-- Instructions for the task --
Return the listing below exactly, with the pictures dropped.
___ Data provided ___
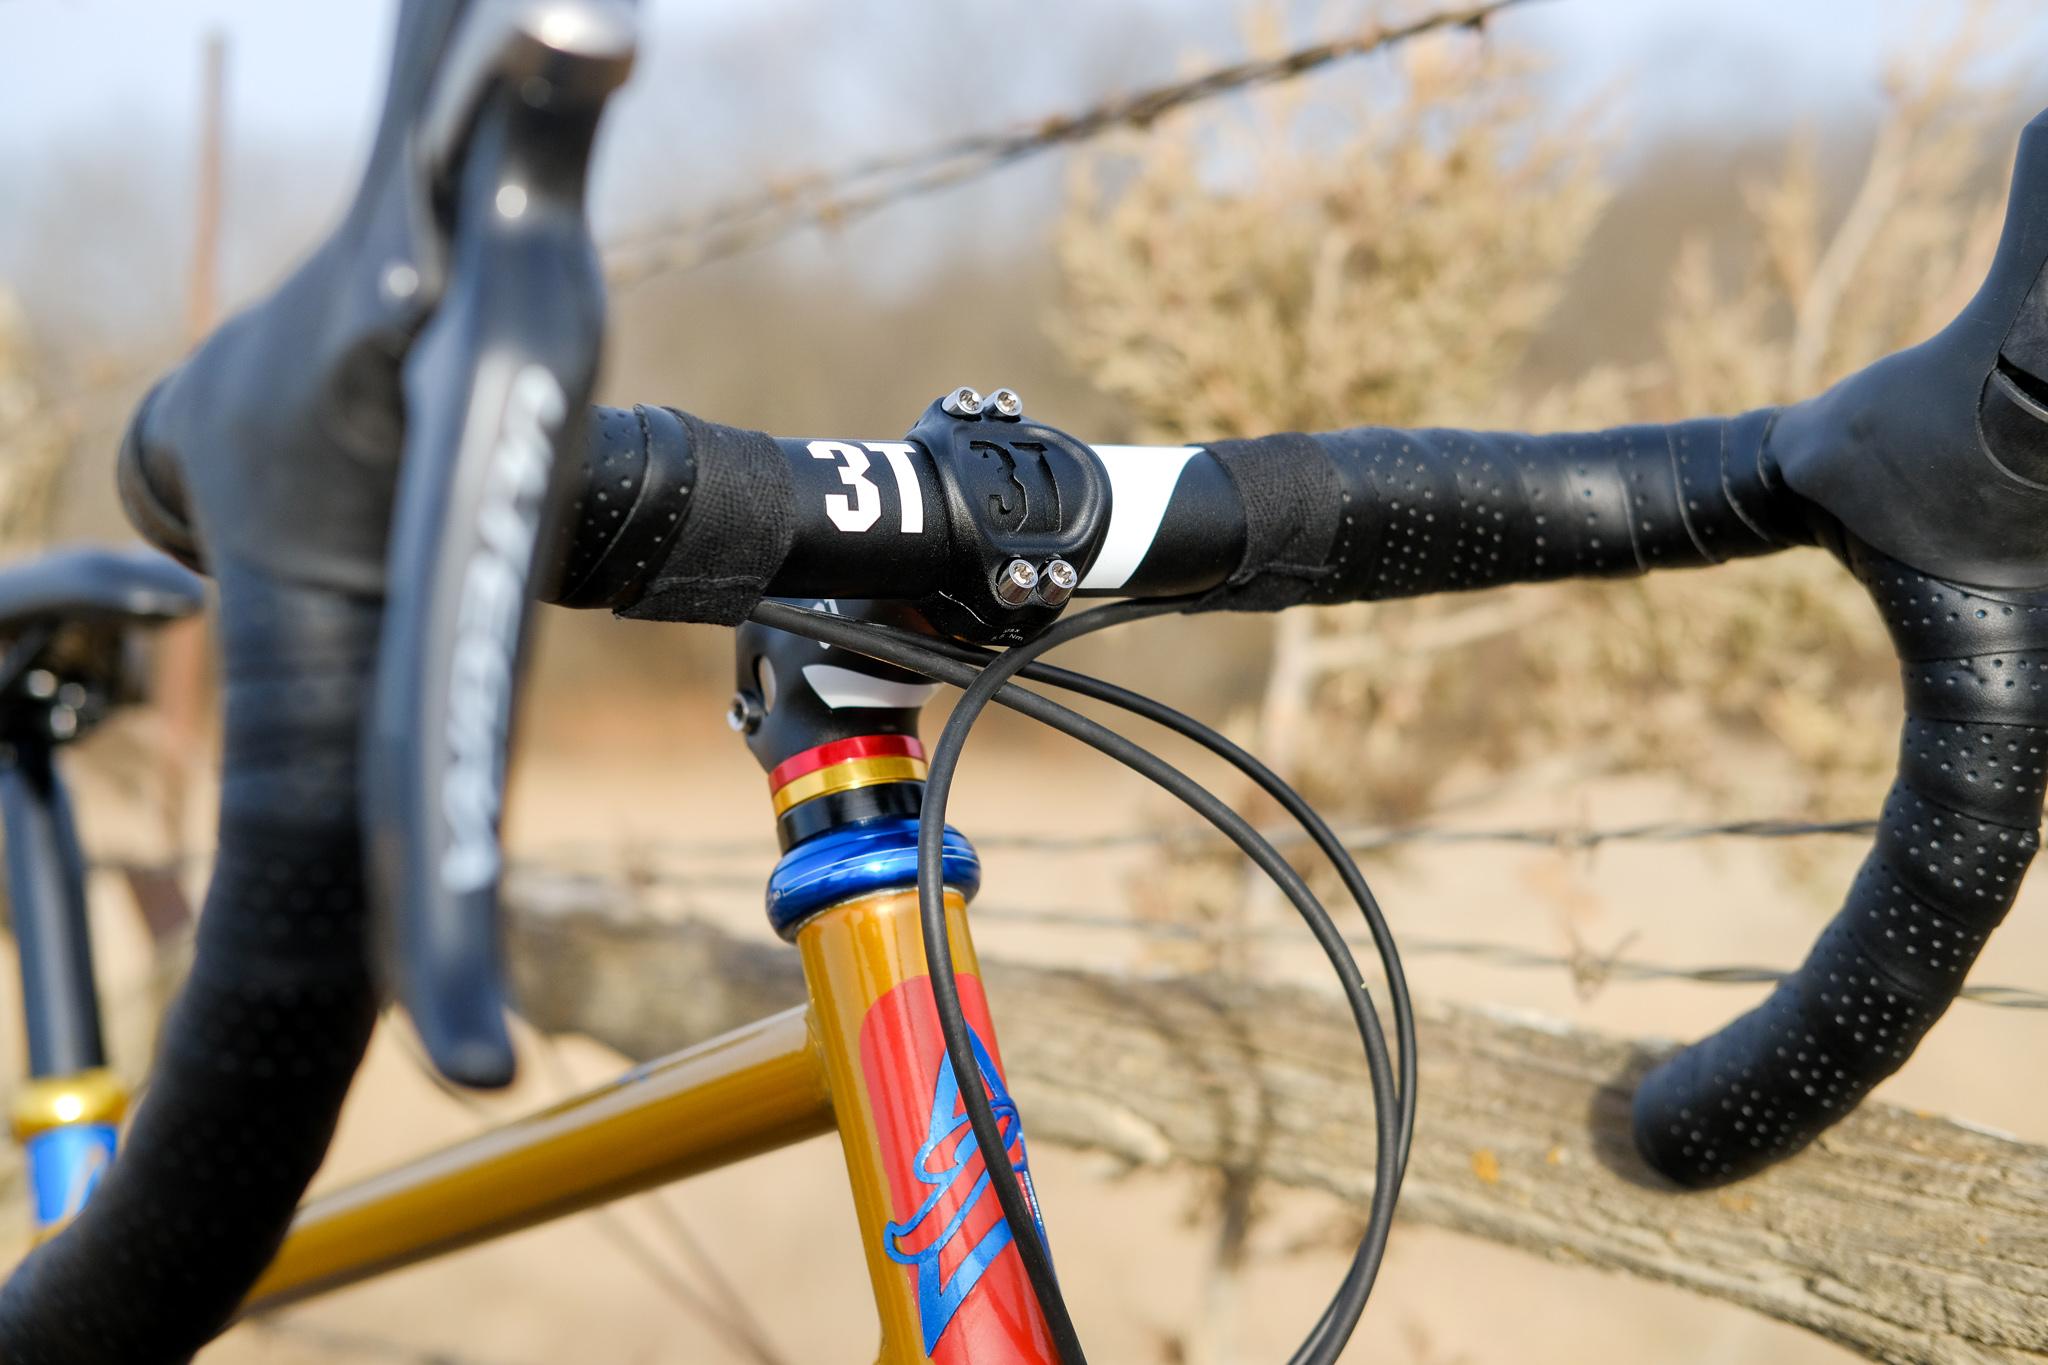 2018-02-18 Beth Morford Pedalino Bike Fuji Jpeg-32.jpg
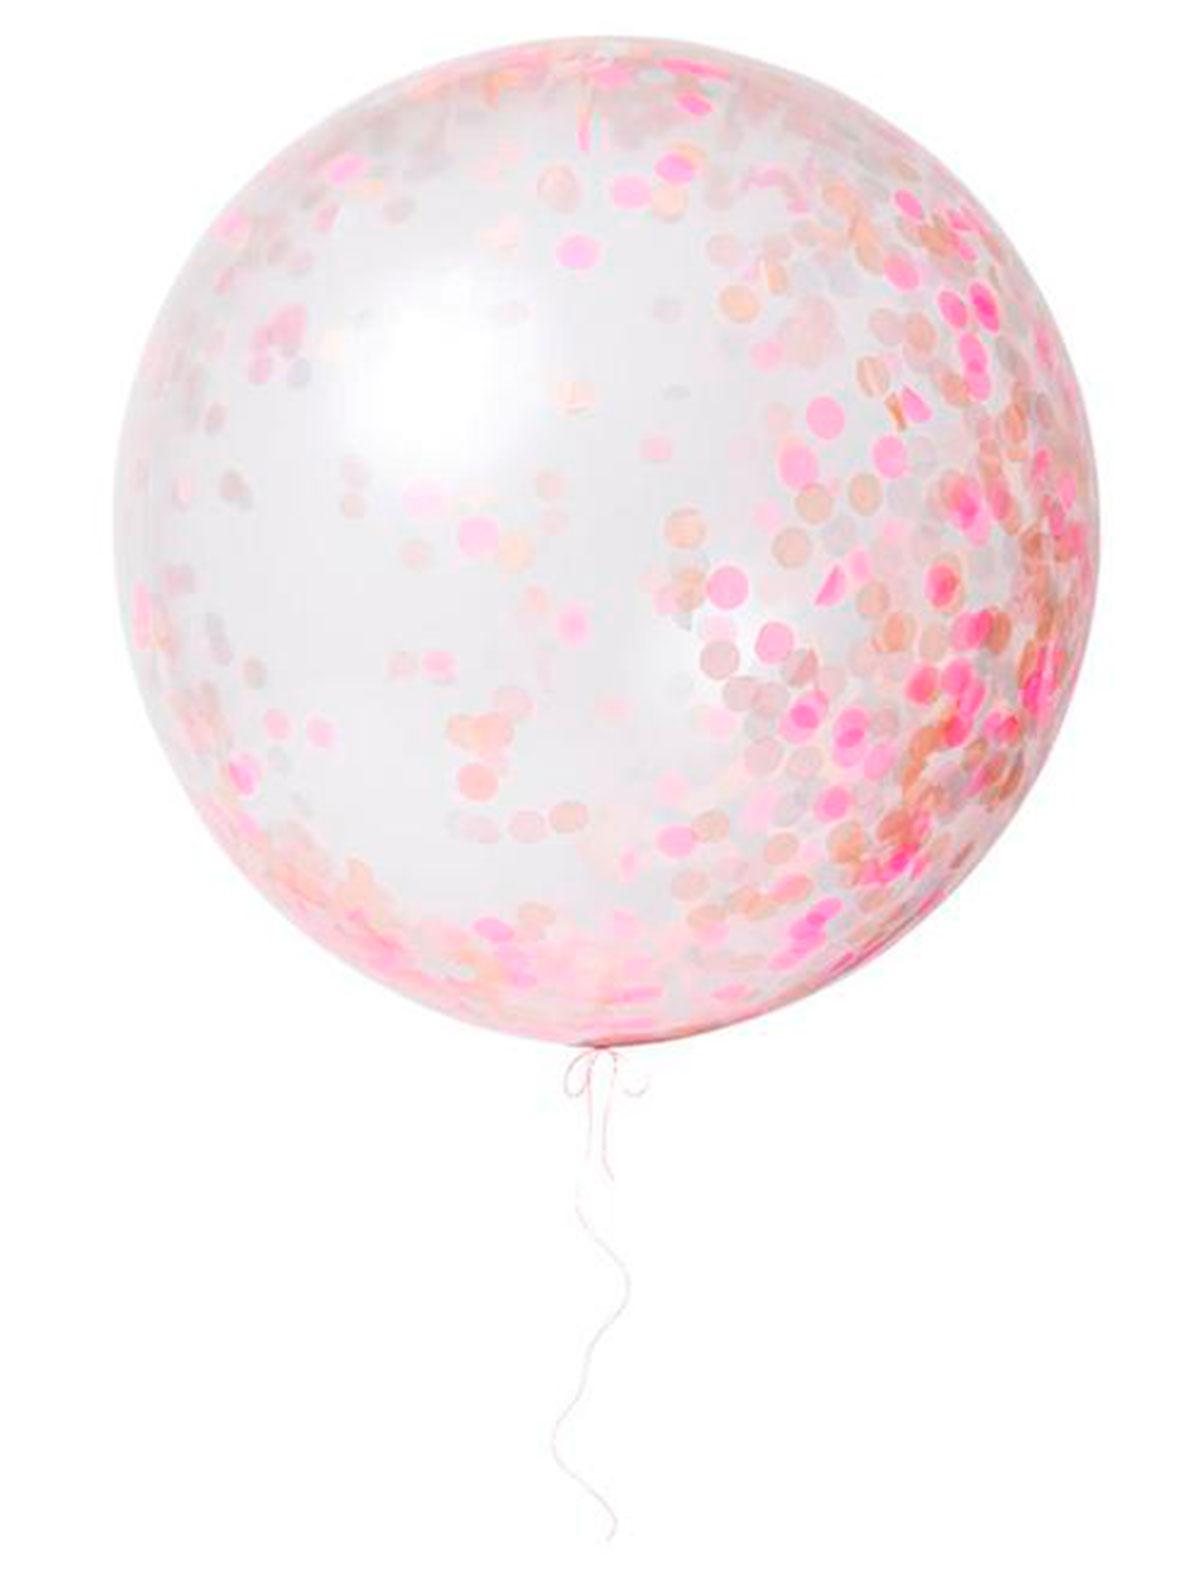 2221650, Воздушный шар Meri Meri, розовый, 6704520080057  - купить со скидкой
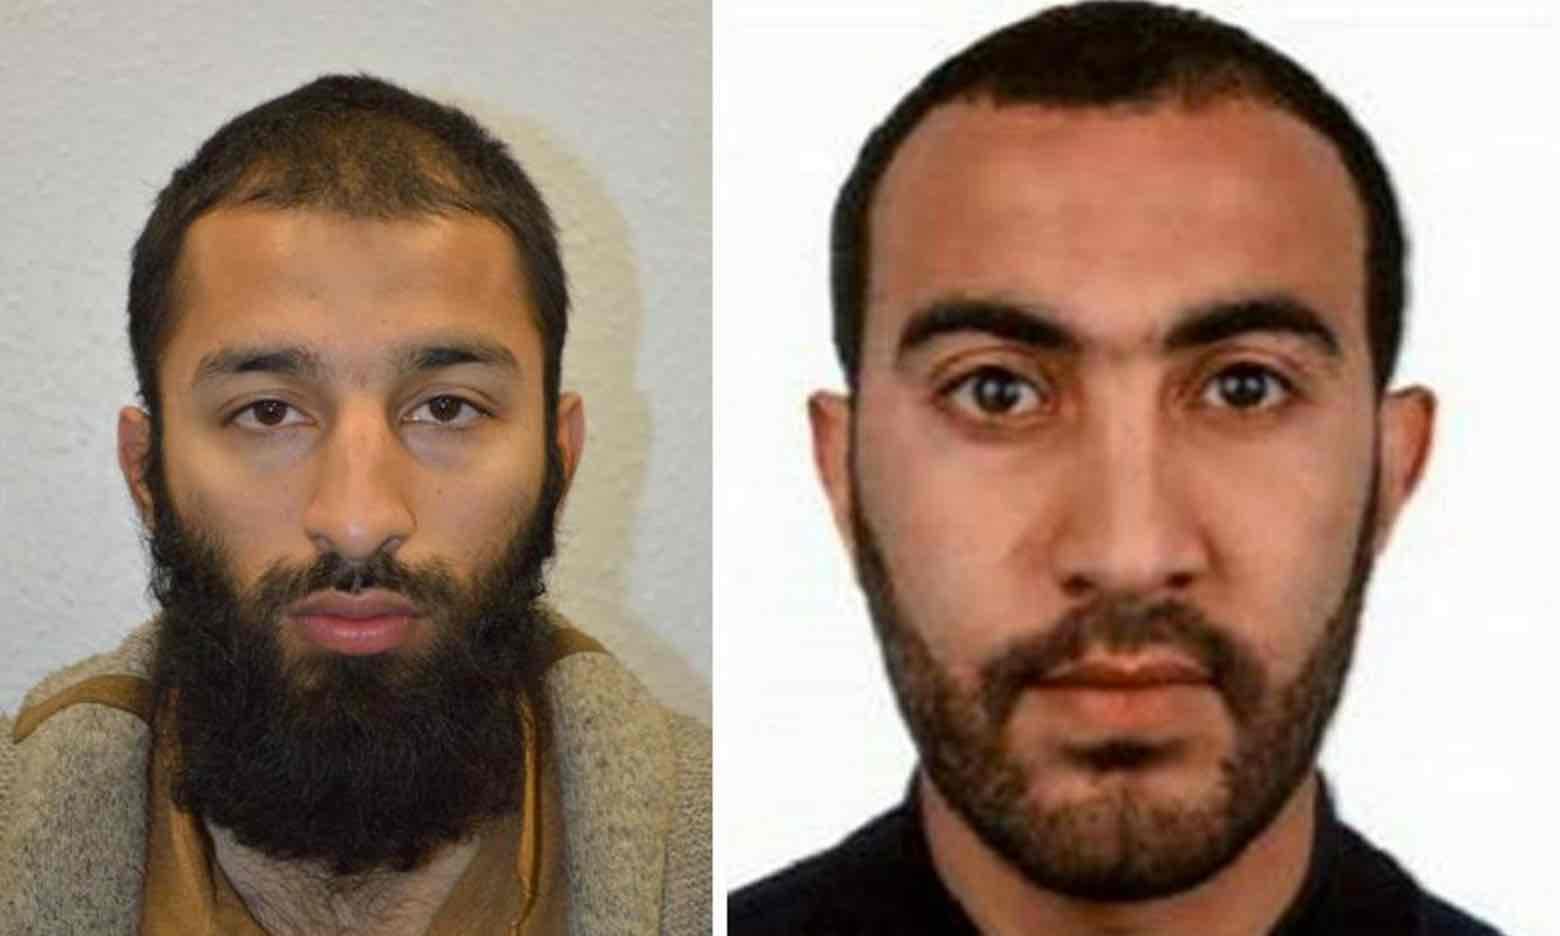 Ultimele lucruri pe care le-au facut teroristii din Londra inainte de atac. Rachid si-a sarutat copilul de adio
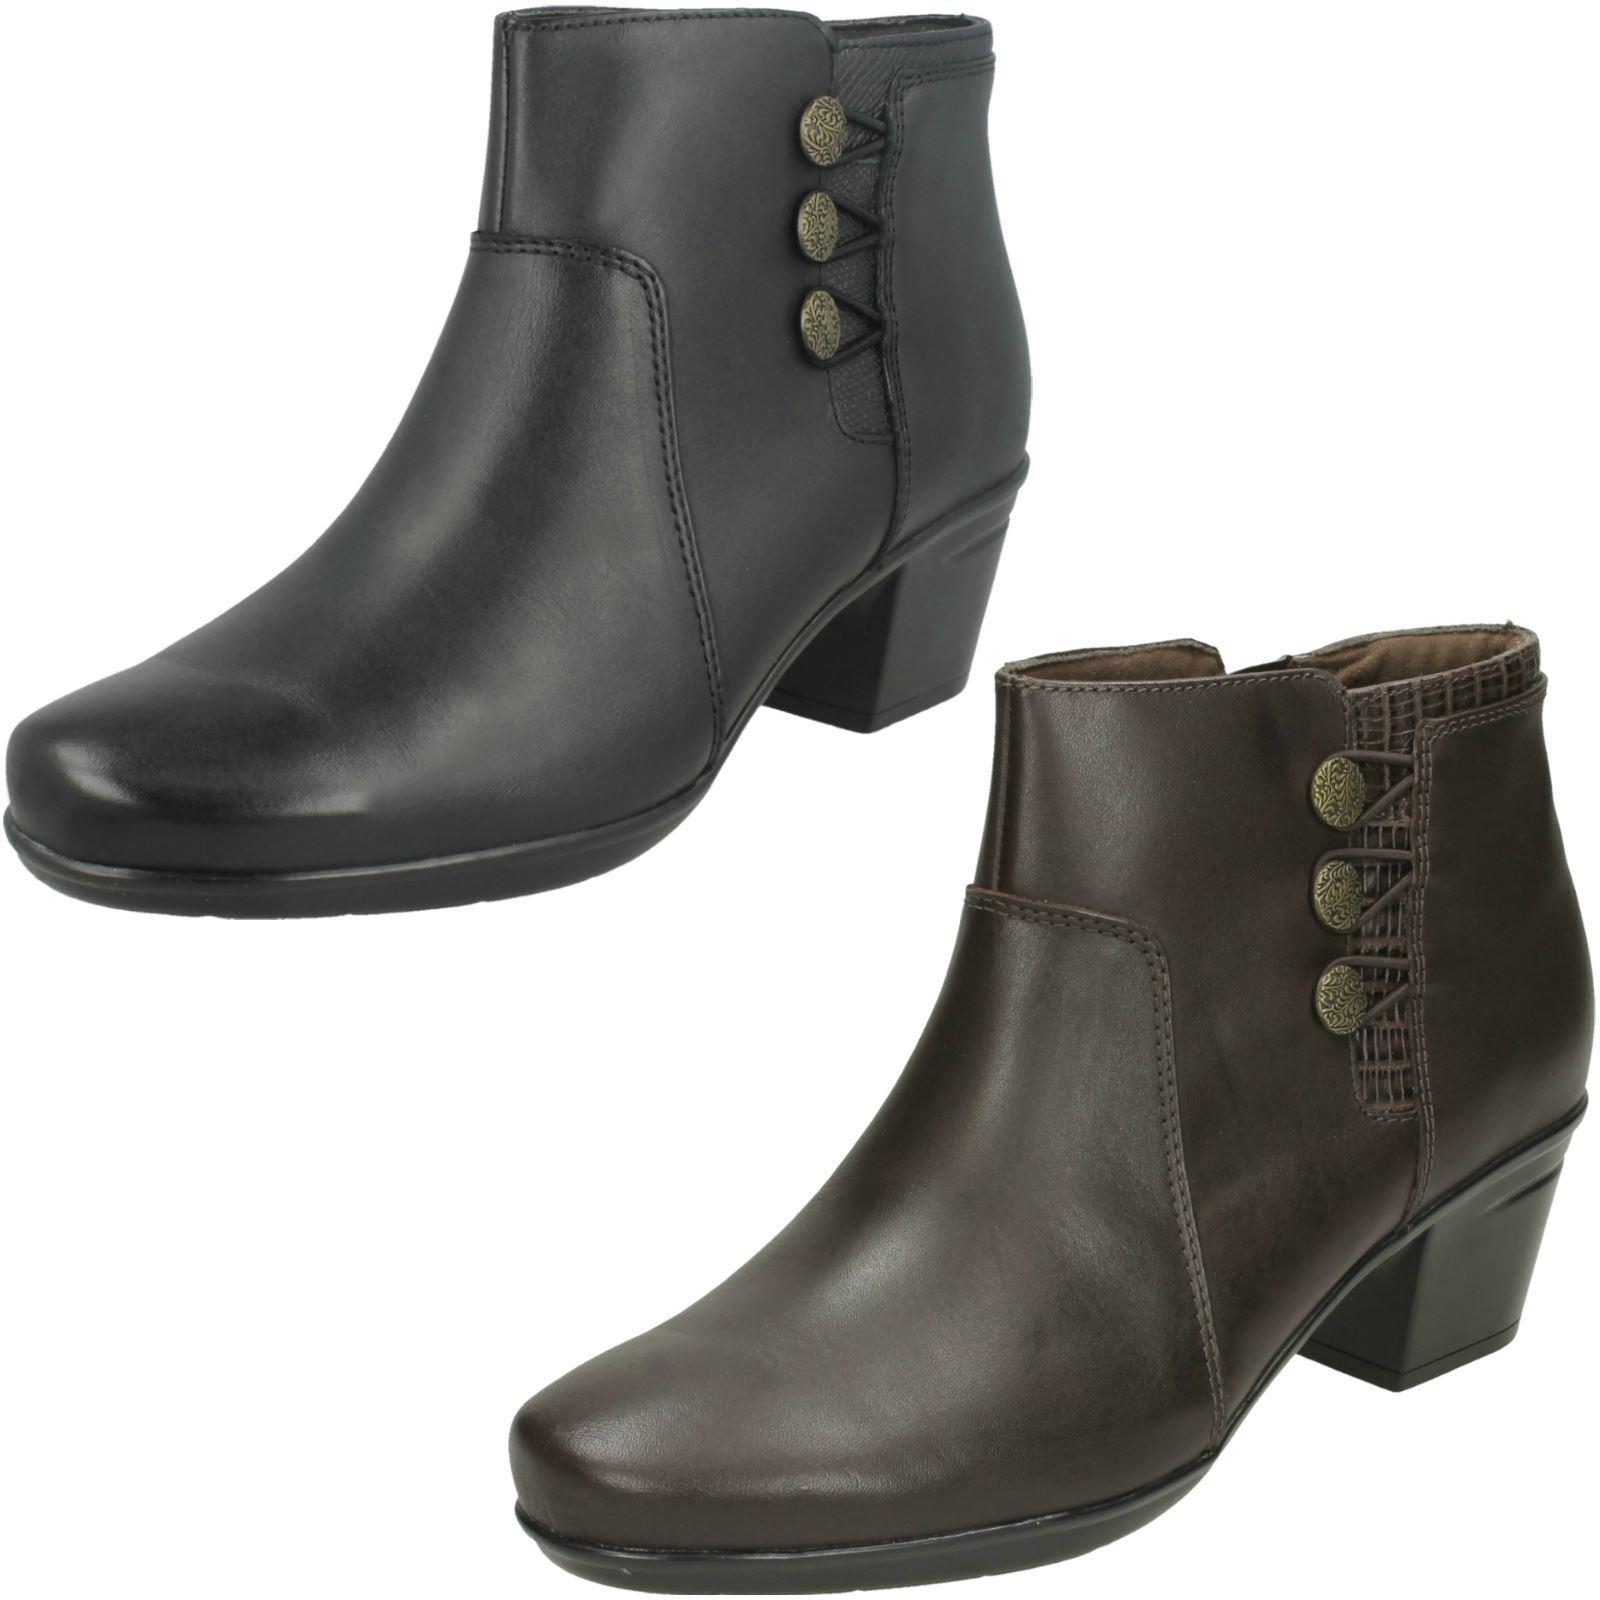 Clarks Ladies Ankle Boots Emslie Monet
___
-- Answer box --
 2018-02-18 Beth Morford Pedalino Bike Fuji Jpeg-32.jpg
 2221650, Воздушный шар Meri Meri, розовый, 6704520080057  - купить со скидкой
 Ultimele lucruri pe care le-au facut teroristii din Londra inainte de atac. Rachid si-a sarutat copilul de adio
 Clarks Ladies Ankle Boots Emslie Monet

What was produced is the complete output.